初詣に行くと、神社の境内にある掲示板の表示が目に止まった。古希ーその該当欄に「昭和32年生まれ」とあった。満69歳(数え70歳)を迎える者が該当するということ。まさしくわが身の誕生年である。全く意識していなかっただけに、古希という言葉が深く突き刺さってきた。
古希は、唐代の詩人・杜甫の一節の「人生七十古来稀(じんせいしちじゅうこらいまれなり)」から来ている。古においては、70歳まで生きるということは稀有なことだった。ちなみに、終戦の2年後である1947年(昭和22年)の平均寿命は、男50.06歳、女53.96歳だったという。
今や人生100年の時代である。定年退職年齢が伸び、現在の70歳はリタイアする年でもなくなっている。70歳を迎え、新しいことにチャレンジする人もいる。やってきたことの高みを目指し、日々努力を続けている人もいる。古の70歳には考えられないことだろう。

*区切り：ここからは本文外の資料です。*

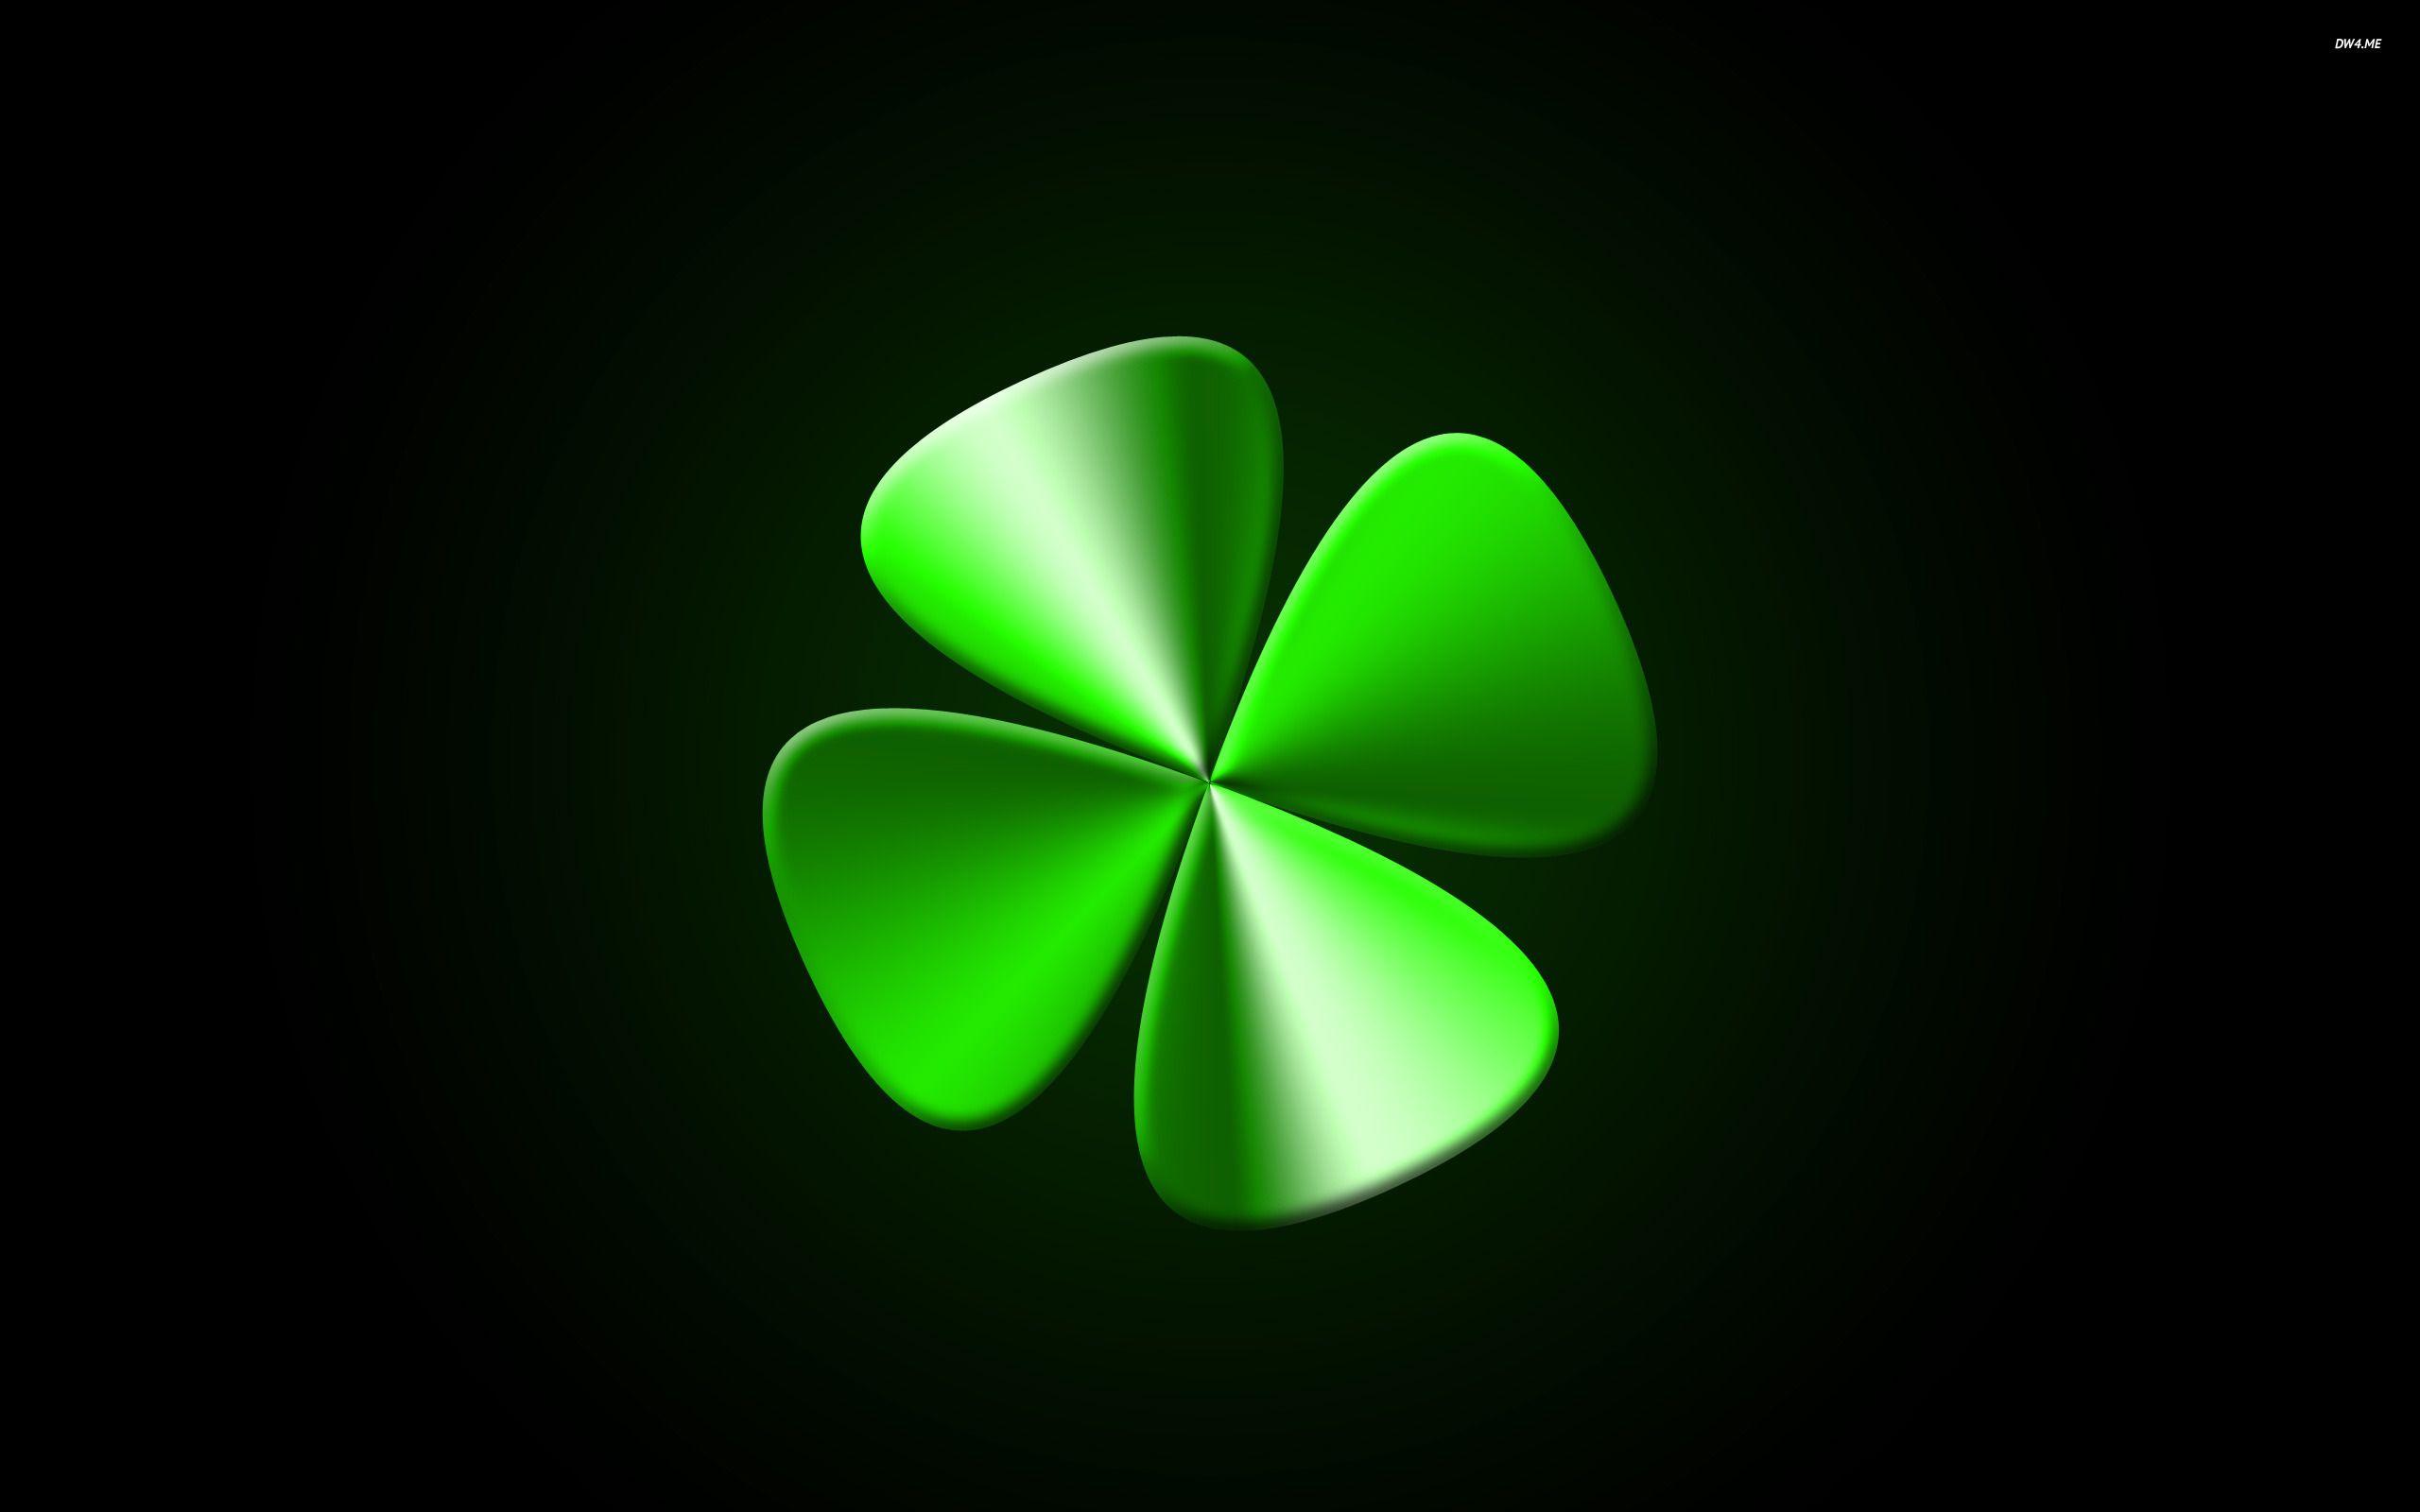 Четырехлистный клевер на заставку. Зеленый Клевер четырехлистный. Четырёхлистный Клевер на удачу. Ирландия Клевер четырехлистный. Четырёхлистный Клевер символ успеха.

「老いてはますます壮んなるべし」(後漢書に出てくる馬援の言葉)。このことわざは、今の時代にぴったり当てはまっている。体の衰えは誰にも等しくやって来る。それを加速させるか、緩やかにするか、それは気持ちの持ちようだ。自分の中に目標を立て、挑戦する気持ちを忘れないこと、それがこれからの人生にとっては大切になってくる。
まだまだやれる、無為に過ごすことはだけはしないー神殿に向かい、そう誓った。帰宅し、さっそく新しい手帳の1ページ(元日の欄)に「新しいチャレンジー情報処理技能検定3級合格」と記載した。